The application for leave to reclaim

[8] Mr Webster, advocate, in seeking leave to reclaim explained that the defender sought to argue before the Inner House that McIntosh had been wrongly decided. He submitted that the First Division had erred in law in that case in unduly fettering the discretion conferred on the court by section 14. The correct interpretation and application of that section were matters of general interest to the defender who faced many claims from employees of the Ministry of Defence. He wished to raise the issue of the correct interpretation of section 14 as his primary argument but Mr Webster also reserved the right to challenge my exercise of discretion. He recognised that a reclaiming motion would delay the determination of the pursuer's claim but pointed out that the only way in which the defender could pursue a challenge to the authority of McIntosh was by reclaiming a refusal to remit by an Outer House judge.

[8] Miss Hood, advocate, for the pursuer opposed the motion.

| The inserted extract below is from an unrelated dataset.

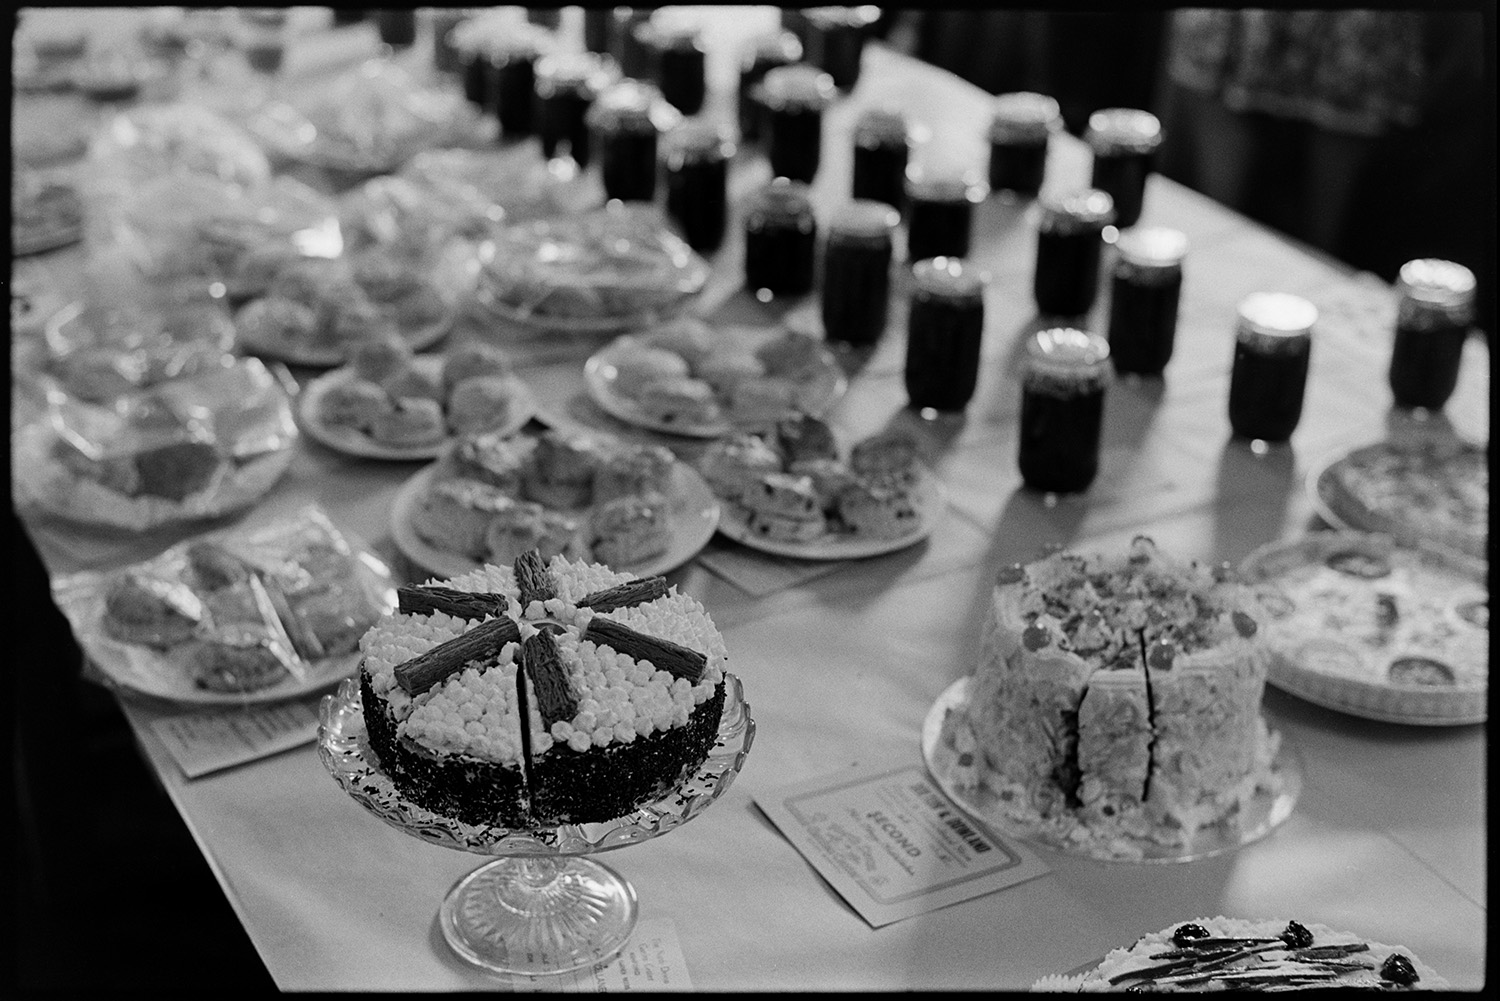 Flower show, people looking at exhibits, women looking at cake, paintings on display.
[A display of cakes, scones, quiches and jams on a table at the Dolton Flower Show in Dolton Village Hall. One of the cakes has been awarded a prize.]

She submitted that in considering the motion to remit the court should have regard to the interests of all the parties to a litigation: MacPhail, "Sheriff Court Practice" (3rd ed) paragraph 18.50. In this case the proof diet in February 2008 would inevitably have to be discharged and the pursuer would be put to considerable expense by the reclaiming motion in his case which was admittedly a modest claim.

[9] It was clear to me that the defender had an interest, which was not confined to this case, in mounting a legal challenge to an important Inner House decision, which arguably put a restrictive gloss on the statutory words, and that it was appropriate to grant leave to reclaim. In granting leave to reclaim I observed that, having regard to the defender's wish to pursue the reclaiming motion as a test case, it would inequitable to make the pursuer bear the costs of that exercise. It was clear that both the pursuer's agents and the defender had a wider interest in the issue and that they could discuss how the debate was to be funded. In any event the Inner House had a discretion in awarding expenses. I therefore concluded that the possible exposure of the pursuer to expense in relation to the reclaiming motion should not dissuade me from granting leave to appeal.